Tougher visa rules unveiled in plan to cut migration

Technology
Traveller arrives in UK

The government will hike the minimum salary required for foreign workers to take jobs in the UK, as part of plans to slash migration.

The minimum salary needed to get a skilled worker visa will rise from £26,200 to £38,700 next year.

The rise featured in a five-point plan to curb immigration announced by Home Secretary James Cleverly.

He said migration to the UK was “far too high” and there had been “abuse” of health and care visas for years.

Conservative MPs have put Prime Minister Rishi Sunak and his government under pressure to act on legal migration, after official figures last week showed net migration hit a record 745,000 last year.

On top of the new salary requirements, Mr Cleverly said the government’s plan would:

  • Ban health and care workers bringing family dependants to the UK
  • End companies being able to pay workers 20% less than the going rate for jobs on a shortage occupation list
  • Raise the minimum income for family visas to £38,700 from £26,200, from next spring
  • Ask the government’s migration adviser to review the graduate visa route to “prevent abuse”

The home secretary claimed the five changes to the UK’s immigration system would mean “more than 300,000 people who came to the UK last year, would now not be able to”.

“Enough is enough,” Mr Cleverly said. “Immigration policy must be fair, legal, and sustainable.”

Asked whether care workers would be deterred from coming to the UK because they would not be able to bring families, the home secretary said he believed an individual with a family might be dissuaded, but there were still care workers who would be willing to put themselves forward.

Labour’s shadow home secretary Yvette Cooper the migration plan was “another example of the total chaos at the heart of this government”.

She said while net migration “should come down”, there needed to be a “proper plan” for training and recruiting British workers.

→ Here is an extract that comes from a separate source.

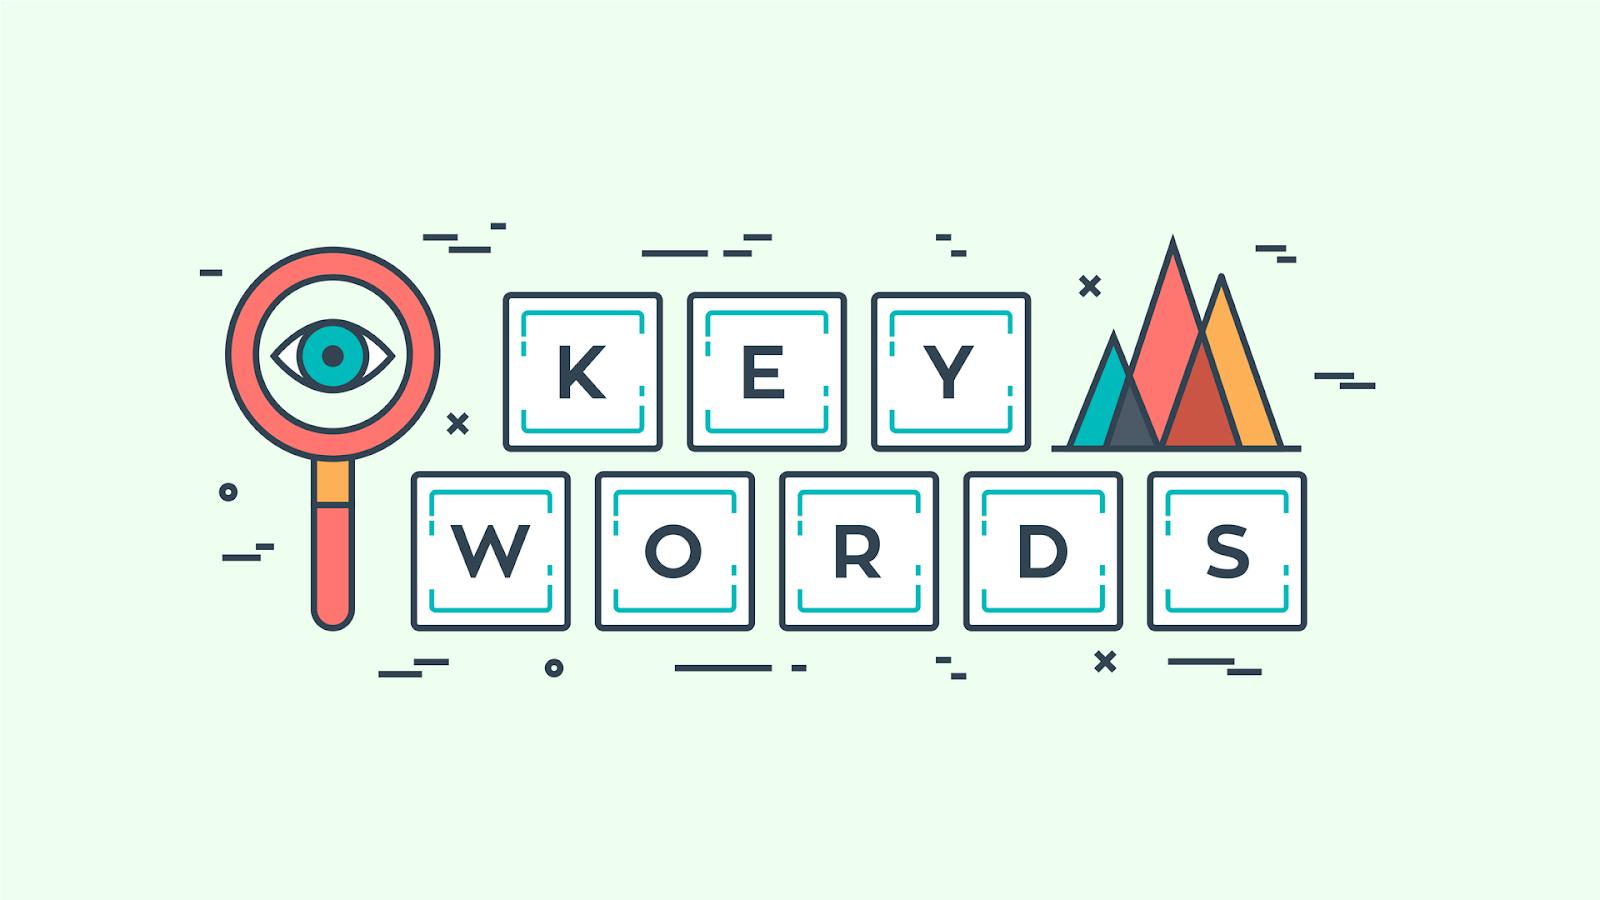 keyword analysis - keywords
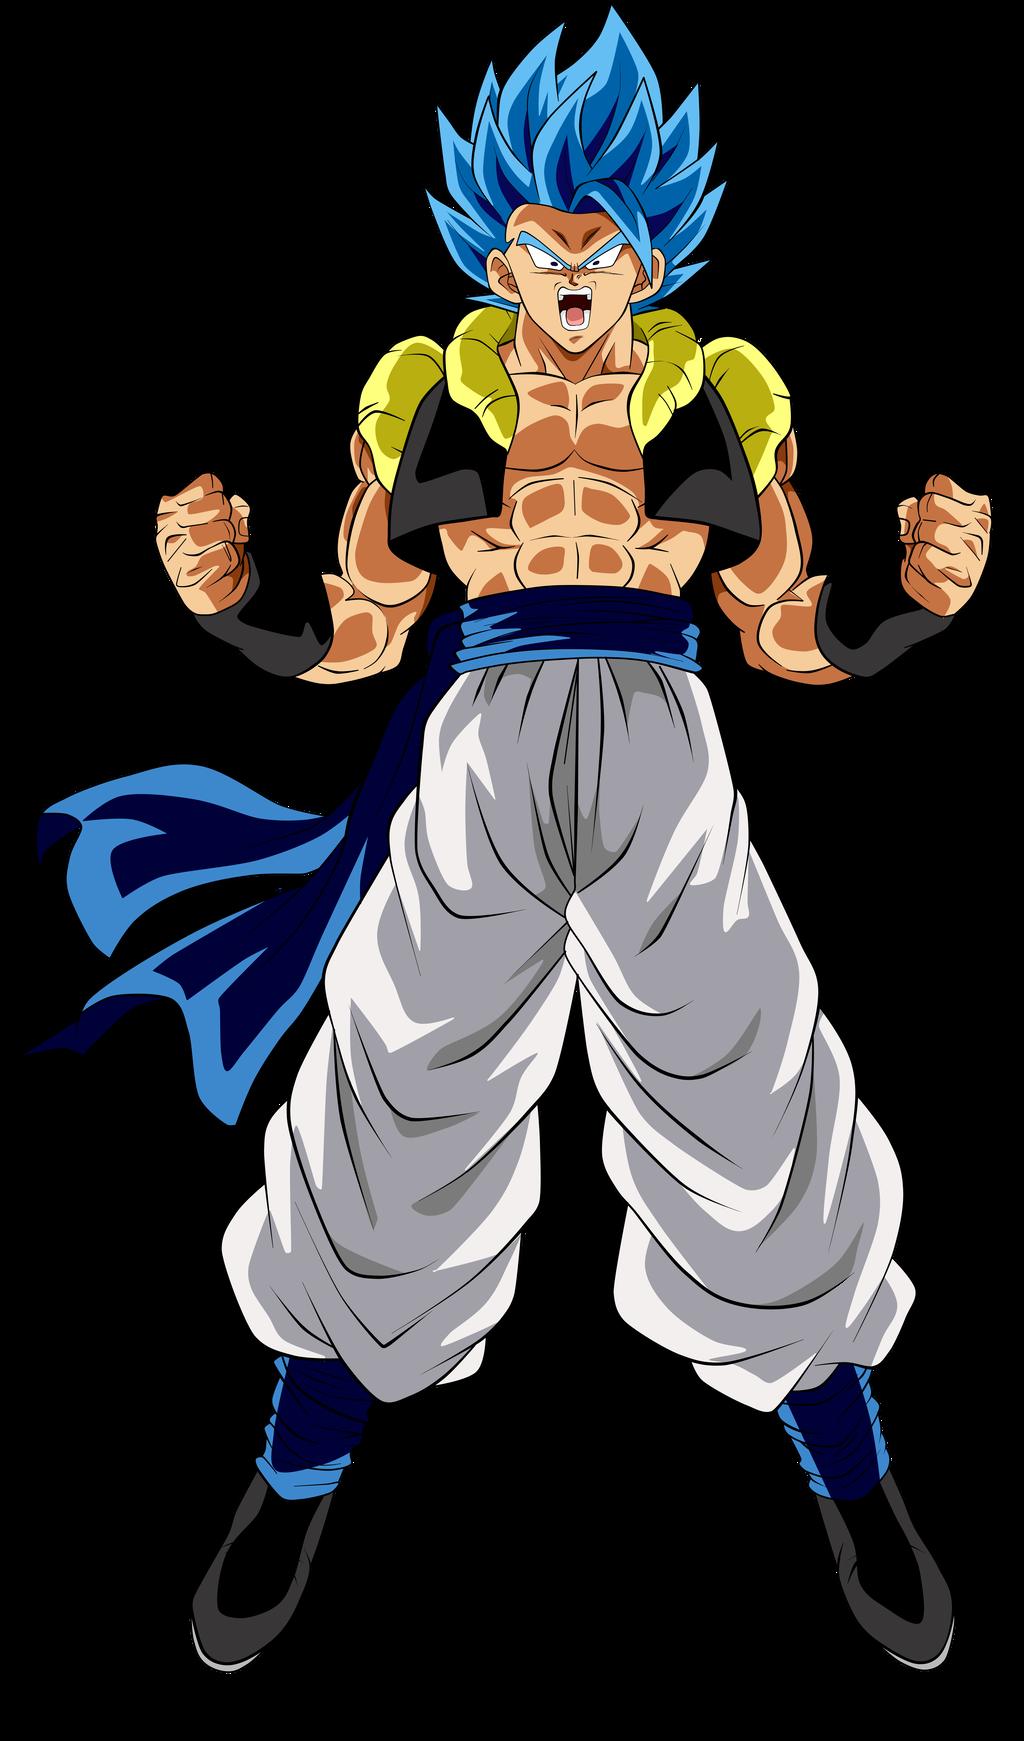 Gogeta Super Saiyan Blue by ChronoFz on DeviantArt | Dragon ball super  manga, Anime dragon ball super, Dragon ball super

Unison general secretary Christina McAnea said the “cruel plans spell total disaster for the NHS and social care”.

“Migrant workers were encouraged to come here because both sectors are critically short of staff. Hospitals and care homes simply couldn’t function without them,” she said.

Care sector staffing

Prime Minister Rishi Sunak has promised to reduce migration levels, which have risen since Brexit despite a Tory 2019 election promise to reduce them.

On Monday, his spokesman told reporters that migration was too high, and there had been “abuse” of visas.

However, latest statistics show the challenge ministers will face in reducing migration into the health sector, which has come to rely heavily on hiring workers from abroad.

The statistics showed the number of health and care worker visas issued in the year to September stood at 143,990, double the previous year.

In total 83,072 of these visas were issued for care workers and home workers – a sector facing staffing shortages and where providers have resisted curbs on their ability to hire foreign staff.

The government’s migration advisers have previously said “persistent underfunding” of local councils, which funds most adult social care, is the most important factor in the staffing crisis.